The agreement also means that despite his long incarceration, Yaser Esam Hamdi will not face any criminal charges in America.
Mr. Hamdi, born in Baton Rouge, La., and raised in Saudi Arabia, will be flown by the Defense Department to Saudi Arabia as soon as transportation can be arranged. He was being held in a Navy brig in Charleston, S.C. He holds citizenship in Saudi Arabia.
“I am gratified at the prospect that Mr. Hamdi’s return to Saudi Arabia and his family is now only days away,” Mr. Hamdi’s lawyer, federal public defender Frank Dunham Jr., said in a statement.
The agreement calls for Mr. Hamdi to renounce his American citizenship and adhere to restrictions barring travel to certain countries. Other details were not immediately available.

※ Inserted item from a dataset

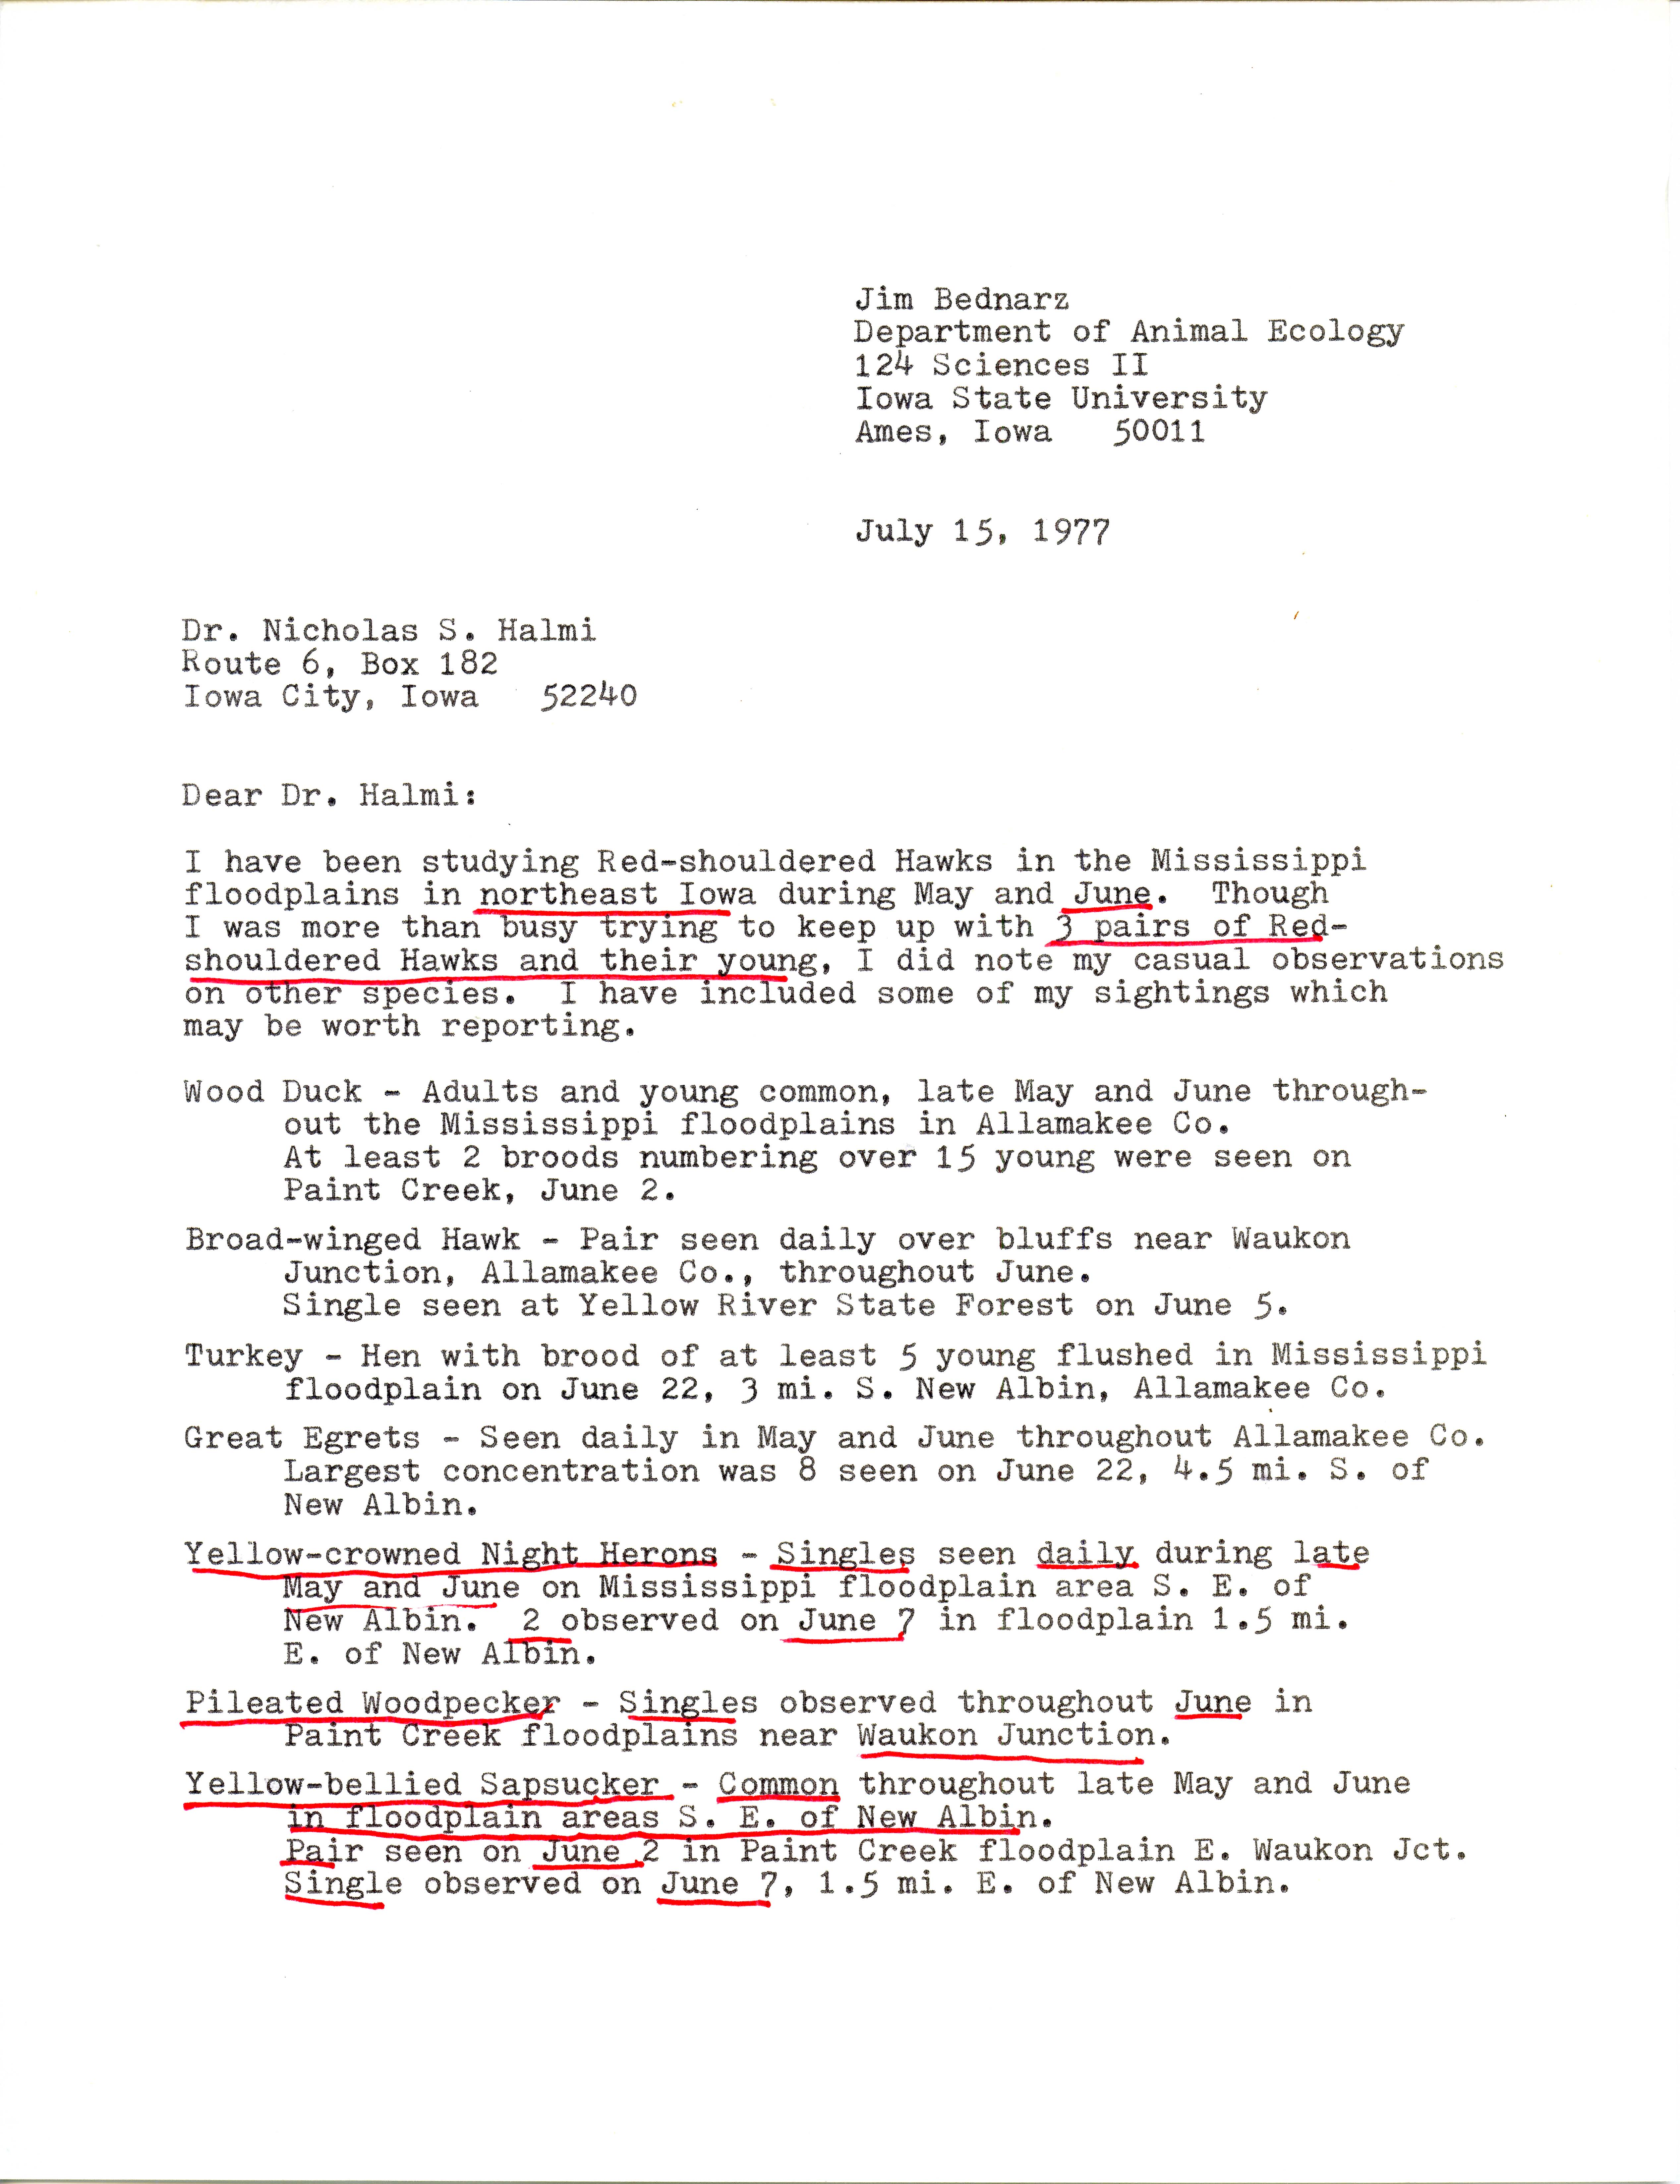 James C. Bednarz letter to Nicholas S. Halmi, regarding bird sightings, July 15, 1977
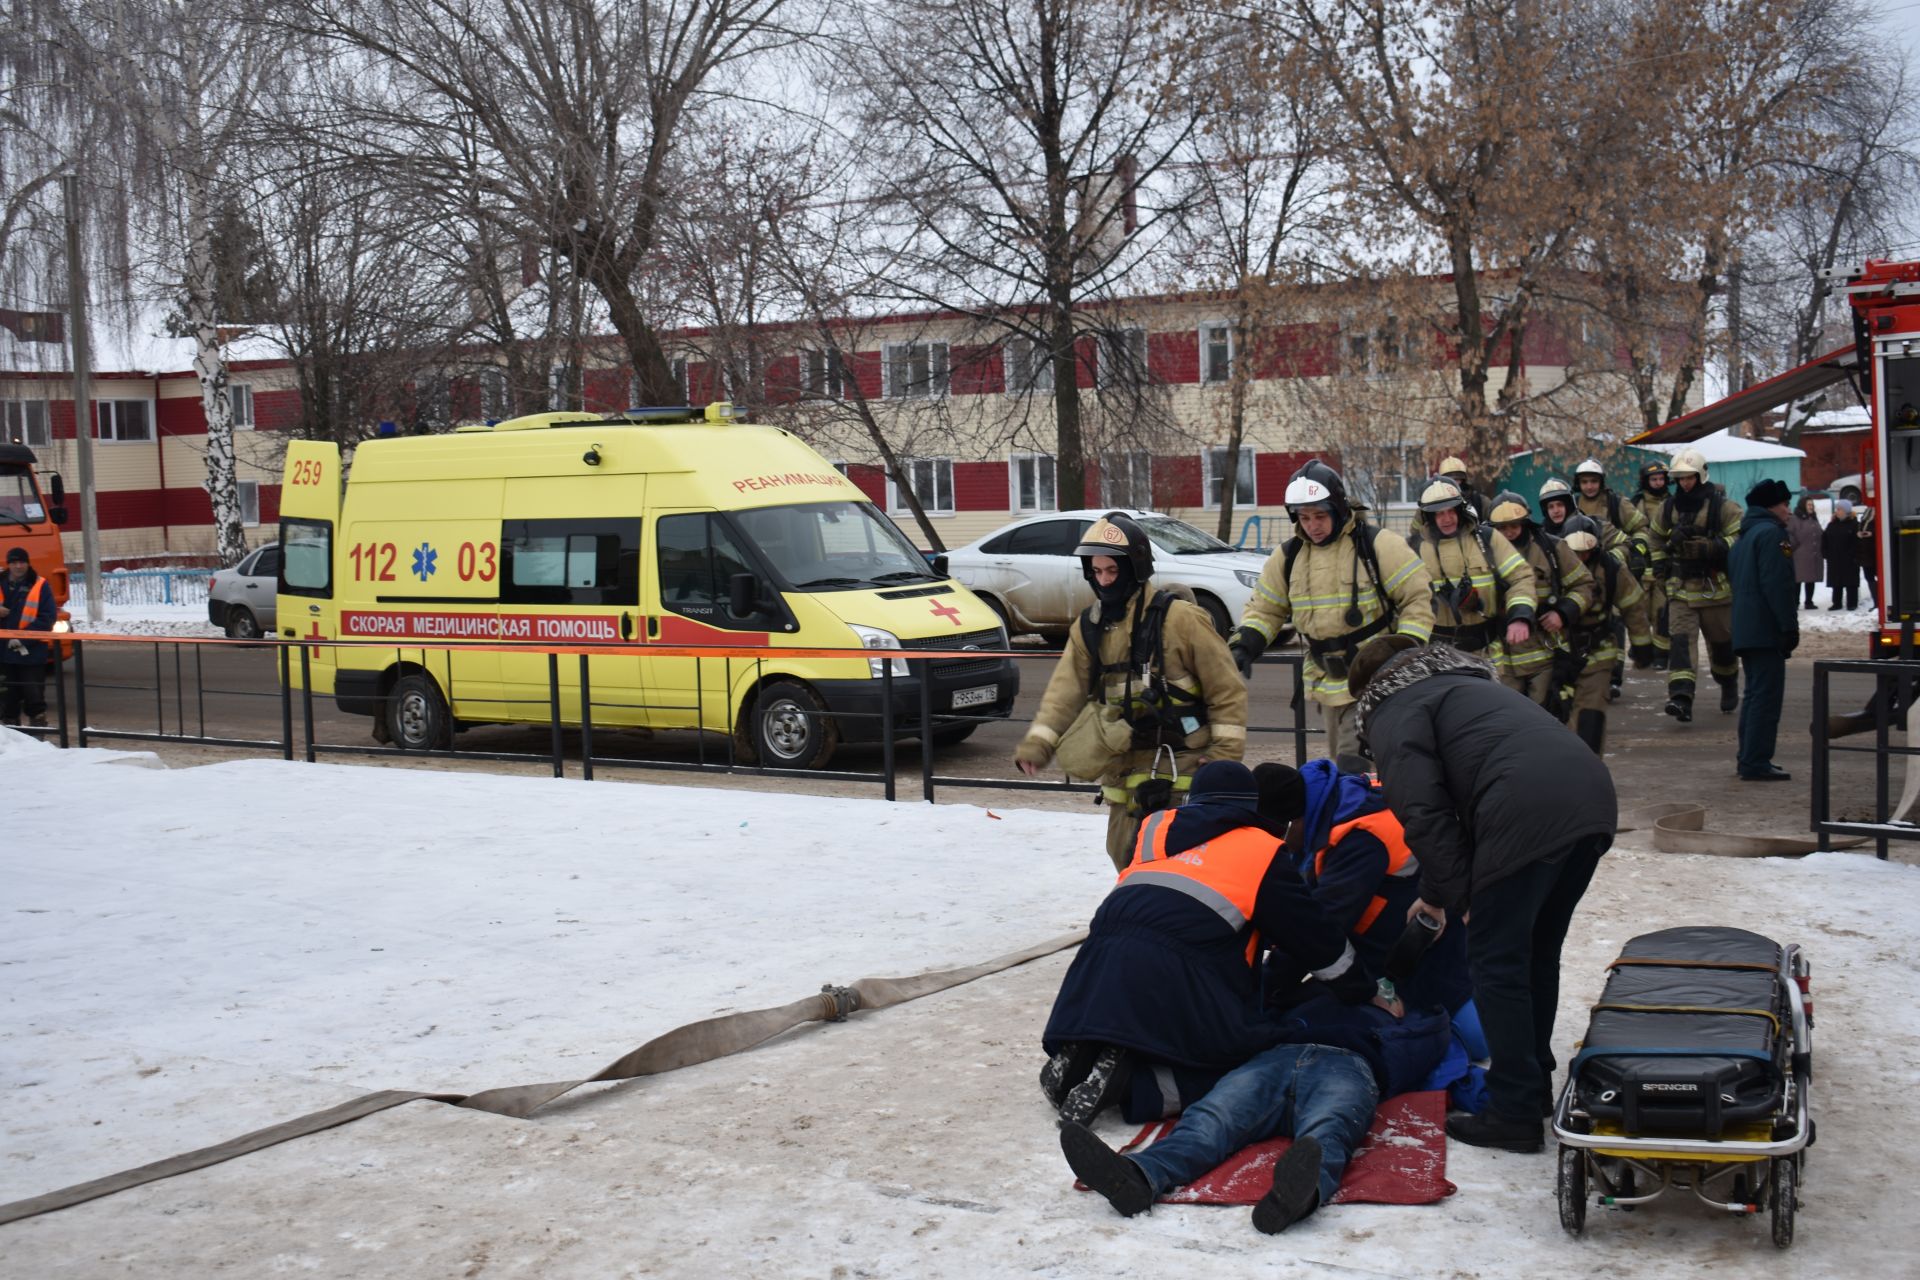 Из Ледового дворца в Чистополе срочно эвакуировали людей. На место прибыли скорая помощь и пожарные

Justice Department spokesman Mark Corallo said the restrictions are meant to ensure that Hamdi cannot again take up arms against America or its allies. Mr. Corallo said Mr. Hamdi’s value as a detainee for intelligence purposes had been exhausted, leading to the decision to release him.
“As we have repeatedly stated, the United States has no interest in detaining enemy combatants beyond the point that they pose a threat to the U.S. and our allies,” Mr. Corallo said.
Saudi officials have said Mr. Hamdi faces no charges in the kingdom.
Mr. Hamdi was captured on a battlefield in Afghanistan where he was fighting alongside the Taliban in late 2001. He was held for three months at the American Navy base at Guantanamo Bay before being transferred to a Navy brig in America when officials realized he was an American citizen.
He had contested his status as an enemy combatant, and the Supreme Court ruled in June that Mr. Hamdi and others like him could not be held indefinitely without seeing a lawyer and getting a chance to contest his incarceration in court.
The disposition of the Hamdi case leaves the Bush administration holding one American citizen as an enemy combatant in the war on terror: former Chicago gang member Jose Padilla.
Padilla is suspected of plotting with other Al Qaeda operatives to launch attacks inside America, including a plan to fill apartments in several cities with natural gas and detonate them.